The Law Society Council finally passed new conflict and confidentiality rules last week - some four years after the process of re-writing the rulebook began.
Key changes include the introduction of a definition of conflict. Firms will be permitted with client consent to act for two or more clients who are competing bidders in a private auction or an insolvency, while information barriers - or 'Chinese walls' - will also be permitted in limited circumstances.
Andrew Holroyd, chairman of the Society's standards board, told the council: 'The problem is that [until now] we have not provided a framework for the increasingly complicated legal marketplace - we have not provided a proper framework for the larger firms to manage difficult situations, nor for small firms. This will help us all.
'[The changes] will be of benefit to clients.
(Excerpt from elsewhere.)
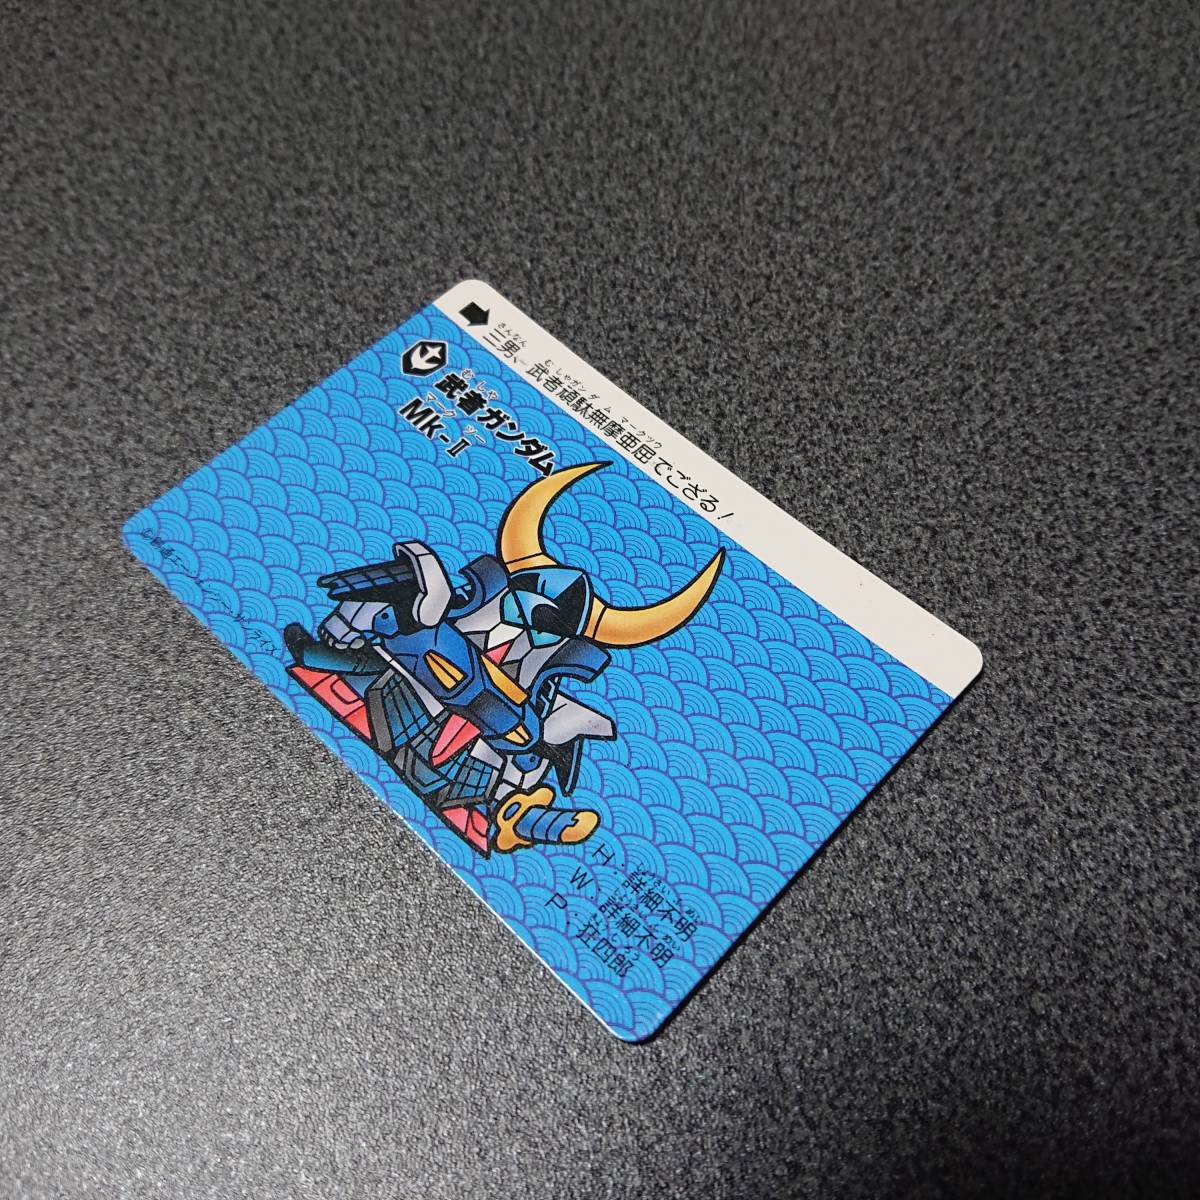 SDガンダムカードダス カードダスケース付属カード 等 3点セット 現状品
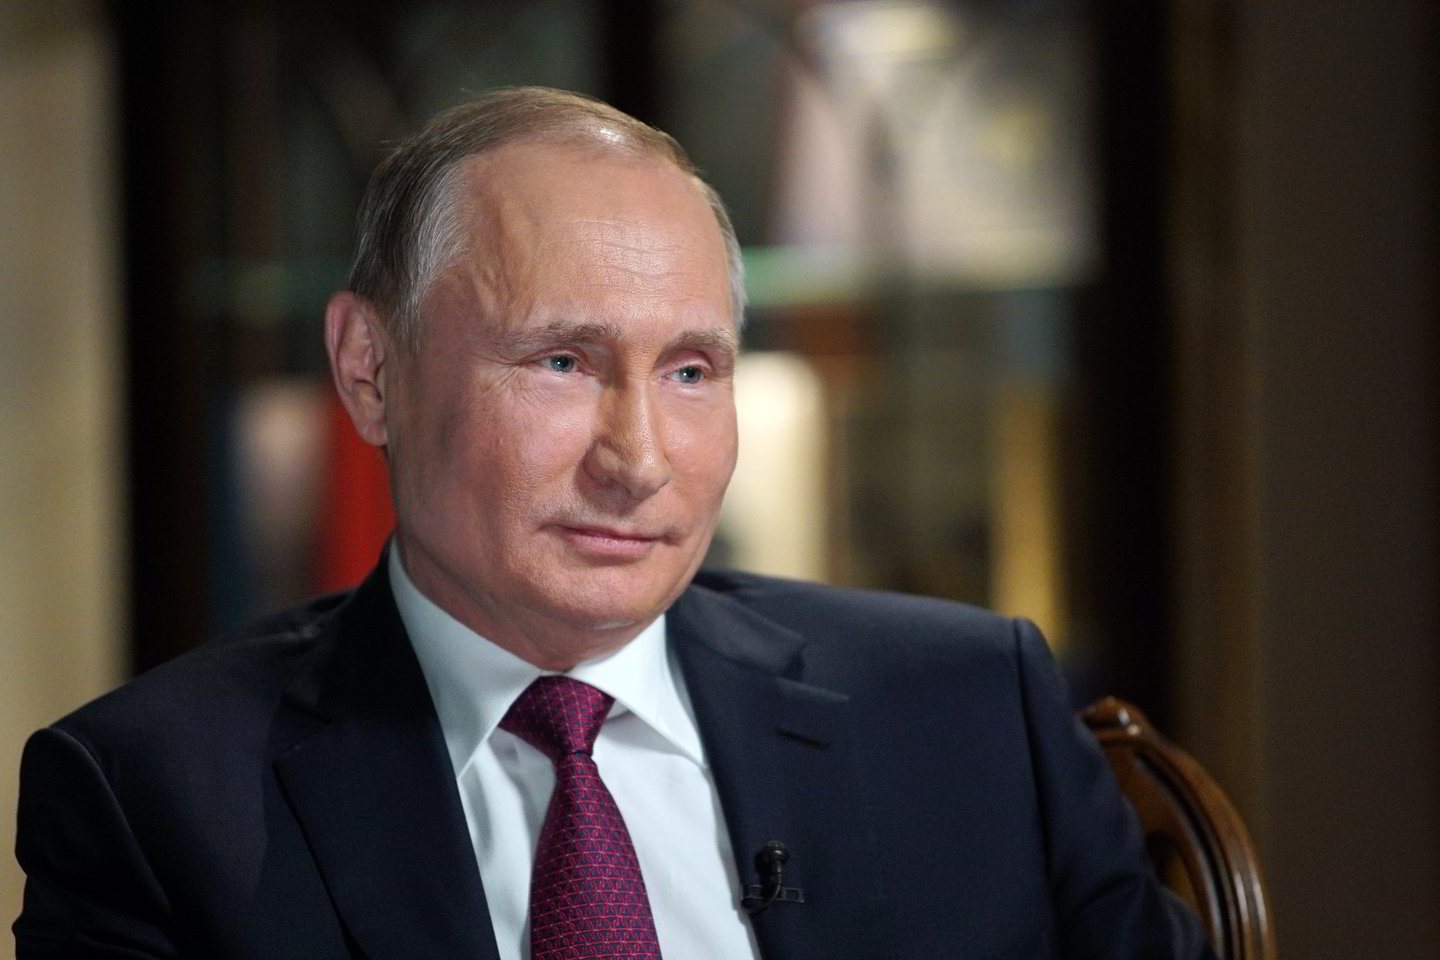  Apie praeitį V.Putinas prisipažino naujame dviejų valandų dokumentiniame filme, pasirodžiusiame prieš artėjančius rinkimus. <br>Sputnik/Scanpix nuotr.

They will be able to waive full confidentiality rights for the benefit of carrying on and instructing the solicitor of their choice.'
Mr Holroyd added that the new rules would have successfully dealt with the recent Freshfields Bruckhaus Deringer case, where the City firm was blocked by the Court of Appeal from acting for Philip Green on his £9 billion bid for former client Marks & Spencer.
The new rules, which require the approval of the Master of the Rolls, were brought in amid criticism that City firms were widely flouting the old rules, which were seen as difficult to enforce.
The old rules had also been attacked for lacking clarity and for being very difficult for larger firms to comply with.
Meanwhile, an amendment - put forward by Helen Cousins, a member of the Society's criminal law committee - introducing a presumption of a conflict of interest in criminal matters when representing more than one client in the same proceedings also got the go-ahead.
This presumption will only be rebutted if the solicitor can show that special circumstances apply and these circumstances have been noted on the file.